Section 23. Non-Forfeiture of Payments. No installment payment made by a buyer in a subdivision or condominium project for the lot or unit he contracted to buy shall be forfeited in favor of the owner or developer when the buyer, after due notice to the owner or developer, desists from further payment due to the failure of the owner or developer to develop the subdivision or condominium project according to the approved plans and within the time limit for complying with the same. Such buyer may, at his option, be reimbursed the total amount paid including amortization interests but excluding delinquency interests, with interest thereon at the legal rate. Section 24. Failure to pay installments. The rights of the buyer in the event of this failure to pay the installments due for reasons other than the failure of the owner or developer to develop the project shall be governed by Republic Act No. 6552.

Where the transaction or contract was entered into prior to the effectivity of Republic Act No. 6552 on August 26, 1972, the defaulting buyer shall be entitled to the corresponding refund based on the installments paid after the effectivity of the law in the absence of any provision in the contract to the contrary.
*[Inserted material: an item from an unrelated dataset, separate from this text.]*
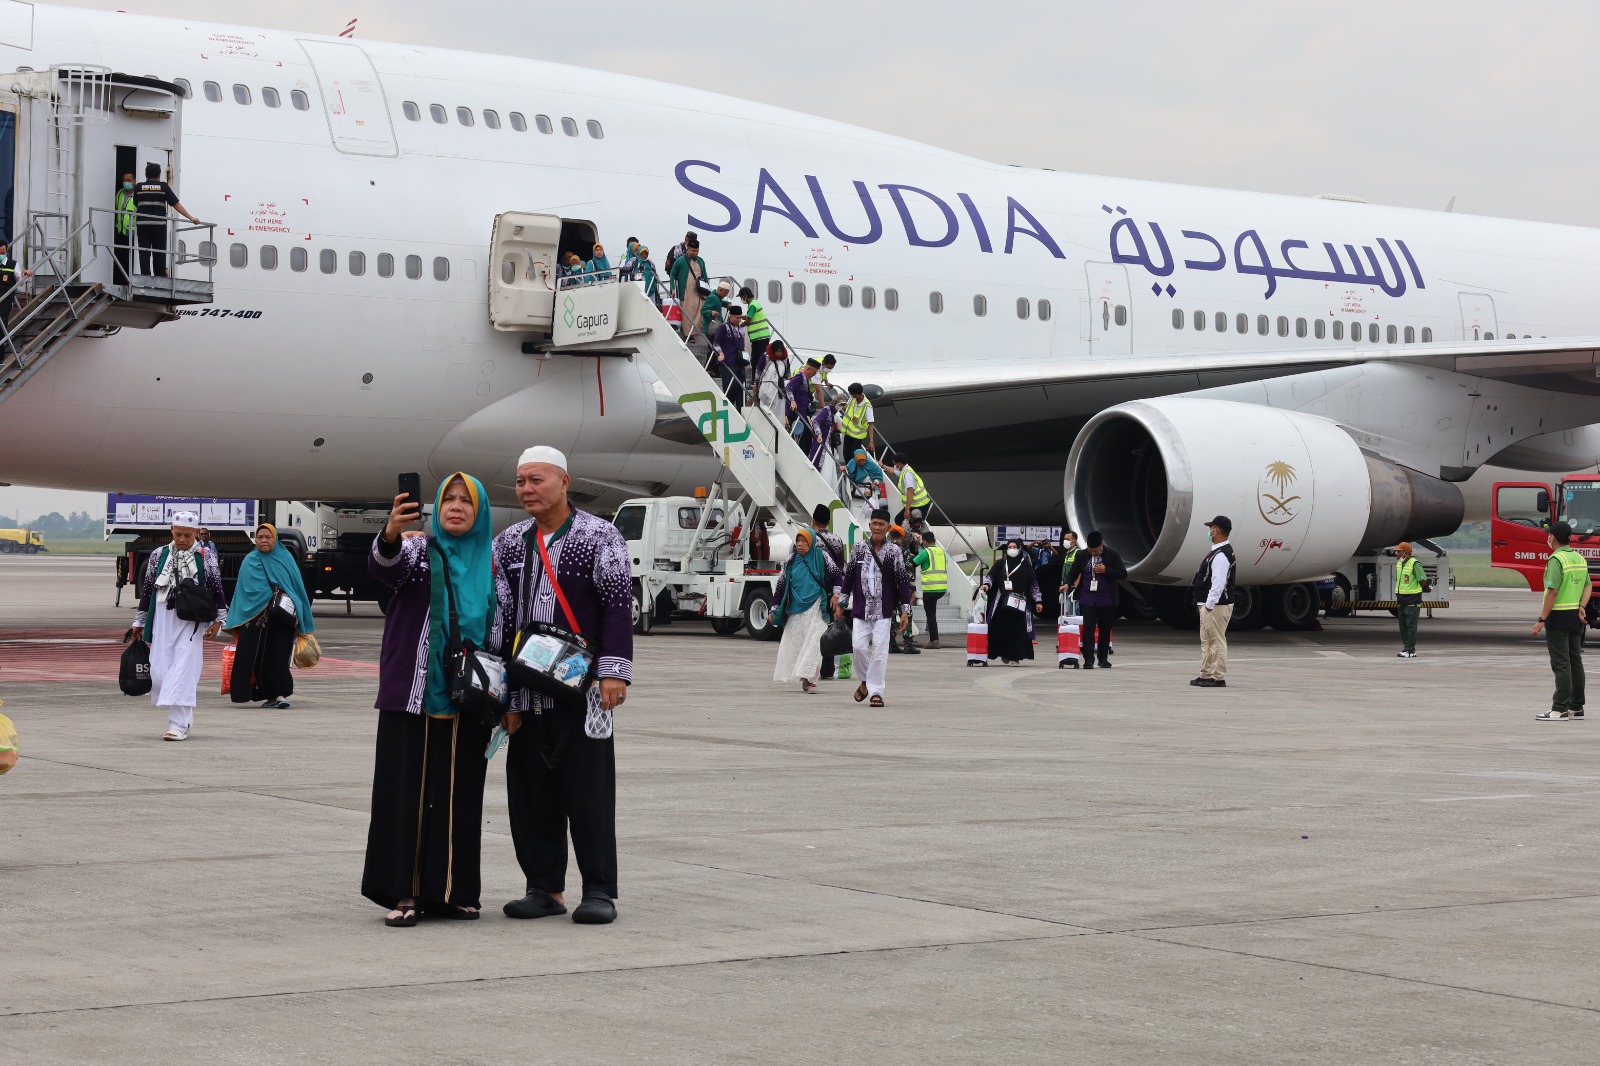 2 Jemaah Haji Kloter 2 Embarkasi Palembang Tak Ikut Pulang ke Tanah Air, Masih Dirawat di Arab Saudi

Section 25. Issuance of Title. The owner or developer shall deliver the title of the lot or unit to the buyer upon full payment of the lot or unit. No fee, except those required for the registration of the deed of sale in the Registry of Deeds, shall be collected for the issuance of such title. In the event a mortgage over the lot or unit is outstanding at the time of the issuance of the title to the buyer, the owner or developer shall redeem the mortgage or the corresponding portion thereof within six months from such issuance in order that the title over any fully paid lot or unit may be secured and delivered to the buyer in accordance herewith.